THE EXTENSION OF RANK ORDERING CRITERIA WEIGHTING METHODS IN FUZZY ENVIRONMENT

Weight elicitation is an important part of multi-criteria decision analysis. In real-life decision-making problems precise information is seldom available, and providing weights is often cognitively demanding as well as very time- and effort-consuming. The judgment of decision-makers (DMs) depends on their knowledge, skills, experience, personality, and available information. One of the weights determination approaches is ranking the criteria and converting the resulting ranking into numerical values. The best known and most widely used are rank sum, rank reciprocal and centroid weights techniques. The goal of this paper is to extend rank ordering criteria weighting methods for imprecise data, especially fuzzy data.
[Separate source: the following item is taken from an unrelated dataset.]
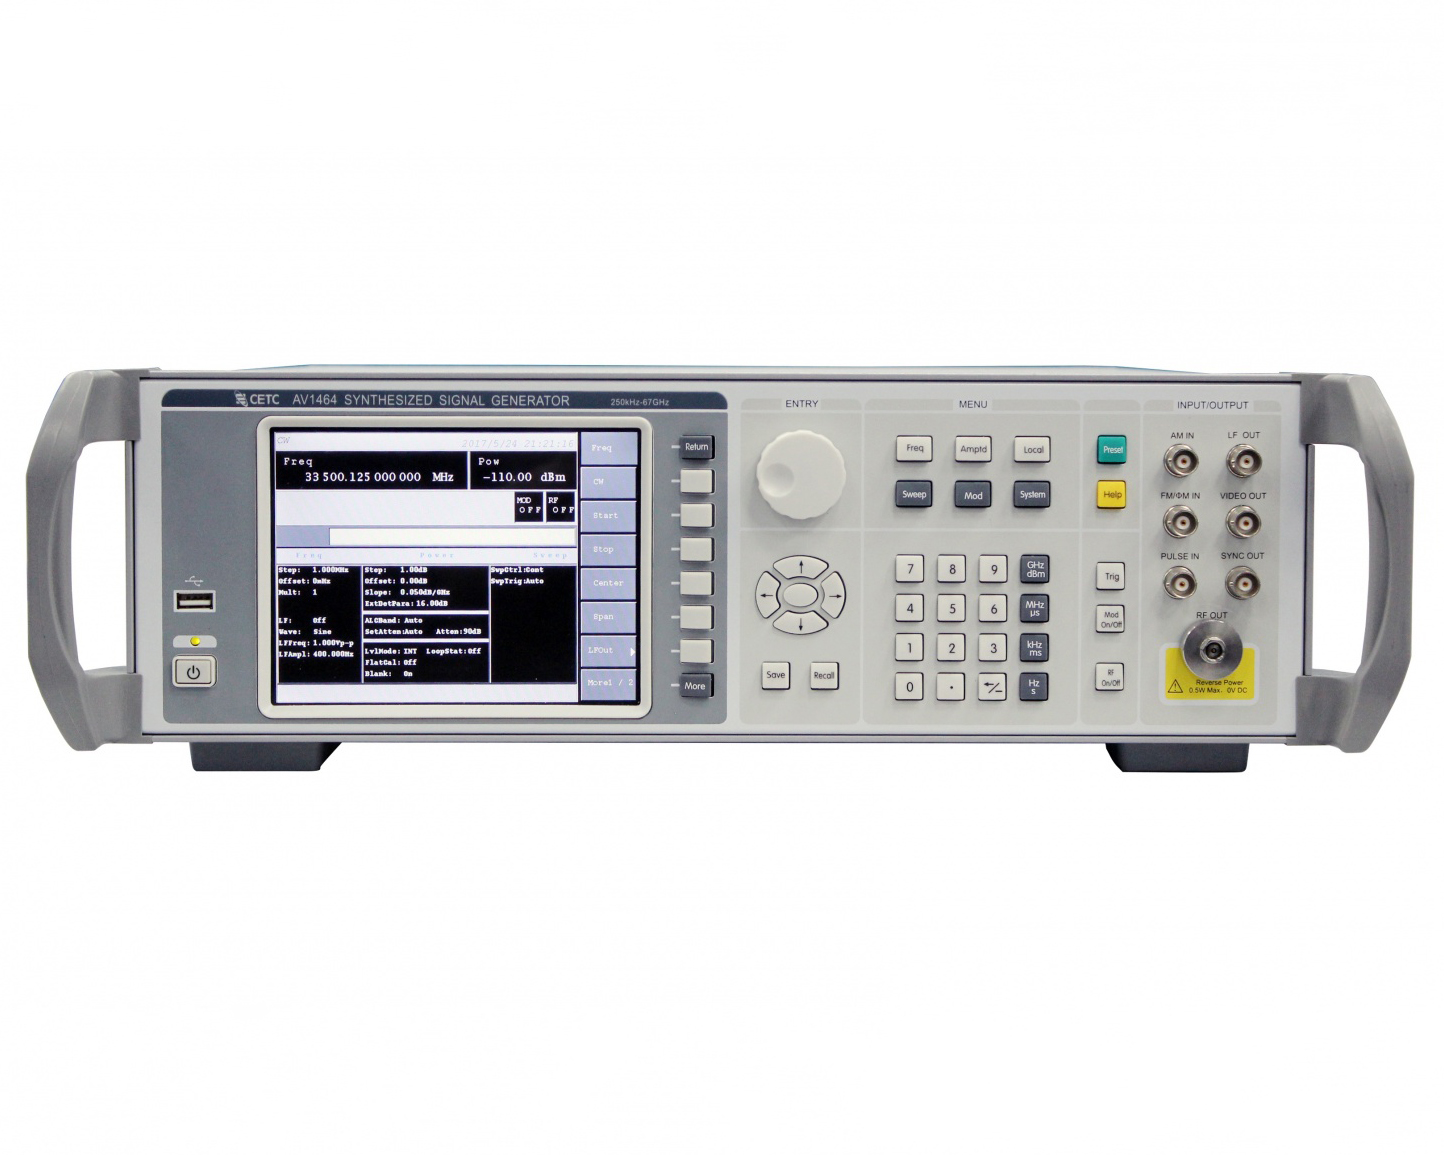 Генераторы сигналов <b>Ceyear серии AV1464:</b> AV1464/A/B/C с диапазоном от 250 кГц до 67 ГГц

Since human judgments, including preferences, are often vague and cannot be expressed by exact numerical values, the application of fuzzy concepts in elicitation weights is deemed relevant. The methods built on the ideas of rank order techniques take into account imprecise information about rank. The fuzzy rank sum, fuzzy rank reciprocal, and fuzzy centroid weights techniques are proposed. The weights obtained for each criterion are triangular fuzzy numbers. The proposed fuzzy rank ordering criteria weighting methods can be easily implemented into decision support systems. Numerical examples are provided to illustrate the practicality and validity of the proposed methods.